Stonepath issued a fourth restatement in January of this year, correcting information for the first and third quarters of 2003. 4 Id. ¶¶ 10, 20, 125. The need for this restatement had been announced on September 20, 2004, when Stonepath reported that it would restate financial statements for fiscal year 2003 and the first and second quarters of 2004. Id. ¶¶ 15, 126. An internal review of Stonepath’s Logistics Domestic Services (“Domestic Services”) subsidiary revealed the “trend analysis” method used to estimate costs of purchased transportation did not accurately account for the differences between the estimates of freight costs and the actual freight costs. Id. ¶ 120. As a result, actual costs were underreported. Id. Costs were understated for 2003 in the range of $4.0 to $6.0 million, and in the range of $500,000 to $1.0 million for the first six months of 2004. Id. Stonepath stated it expected the reported earnings before interest, taxes and depreciation (“EBITDA”) to be reduced to the range of $2.6 to $4.6 million for 2003, and $200,000 to $700,000 for the first six months of 2004. Id.

The day of this announcement, on a trading volume of 4,830,200 shares, Stone-path stock closed at $0.86 per share, down 46% from the September 19, 2004 closing price. Id. ¶¶ 18,123.

After the September 20, 2004 announcement, Stonepath disclosed two additional process errors concerning Domestic Services’ revenue transactions. 5 Id. ¶¶ 19, 124. First, revenues were overstated because of a billing error. Second, an accounting error affected revenue recognition and depreciation in the second quarter of 2004. Id.

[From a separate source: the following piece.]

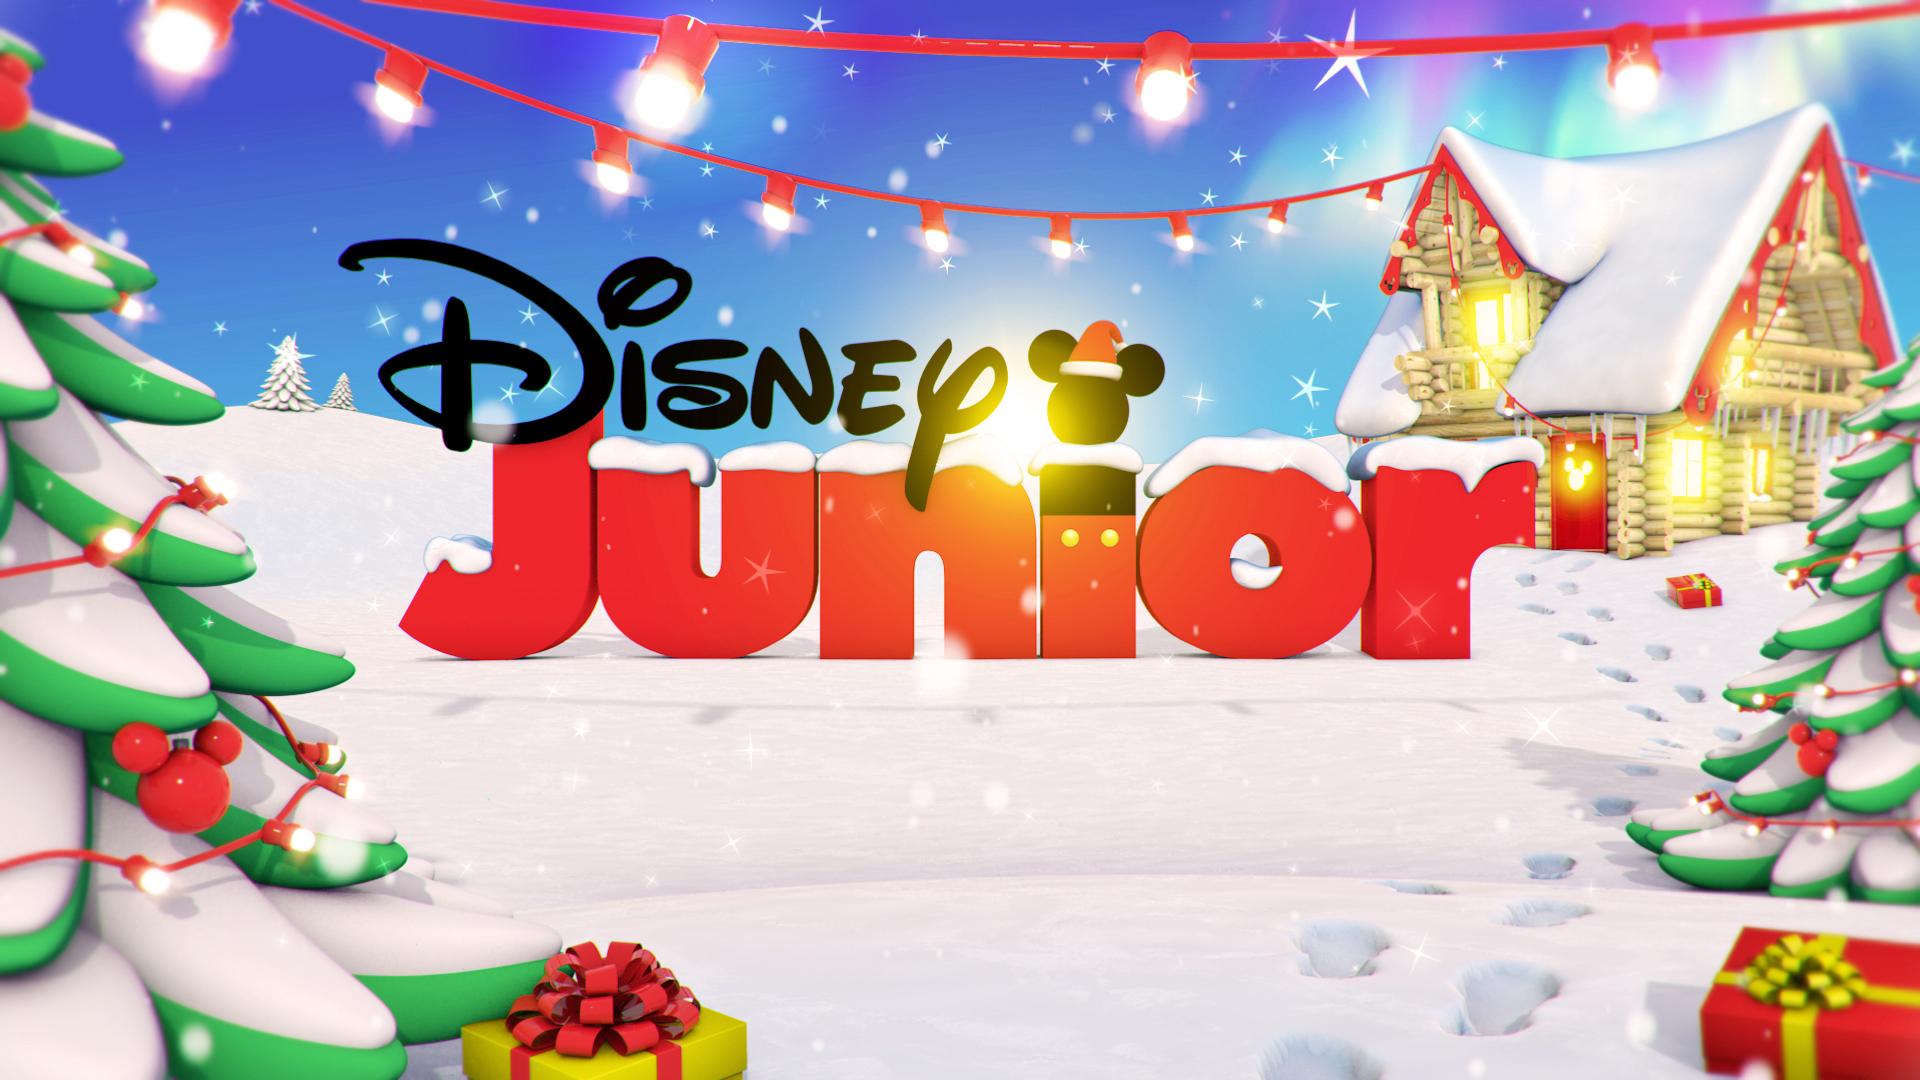 Disney Junior Christmas 2017

In the January 6, 2005 press release that announced that the restatement for the first and third quarters of 2003 had been filed, Stonepath also disclosed that, because of the accounting problems identified in its September 20, 2004 announcement, it would be reducing net income results for fiscal years 2001, 2002 and 2003, and the first six months of 2004 by $0.4 million, $2.0 million, $7.8 million and $6.1 million, respectively. Id. ¶¶ 21, 127. Accordingly, in future restatements, the aggregate reduction in previously reported income will be about $16.3 million for 2001 through the first six months of 2004. Id. ¶¶ 21, 22,127.

From January 1, 2001 to now, Stonepath has allegedly undergone several changes in structure and personnel. First, the senior financial representatives within the Domestic Services and International Services units now report directly to the Chief Financial Officer (“CFO”). Id. ¶¶23, 130. Second, the Chief Executive Officer (“CEO”) and CFO were replaced and the new position of President was created. Id. Third, Stonepath announced it would move the corporate headquarters to Seattle, Washington in the first half of 2005. Id. ¶¶ 24,130.

On October 12, 2004, plaintiff initiated this action, and on January 19, 2005 he filed an amended complaint. The amended complaint asserts six counts, all against the fourteen Individual Defendants 6 ex *651 cept for the first count: (1) violation of Section 304 of the Sarbanes-Oxley Act (“SarbOx”) by defendants Dennis L. Pelino and Bohn H. Crain; (2) breach of fiduciary duty; (3) abuse of control; (4) gross mismanagement; (5) waste of corporate assets; and (6) unjust enrichment.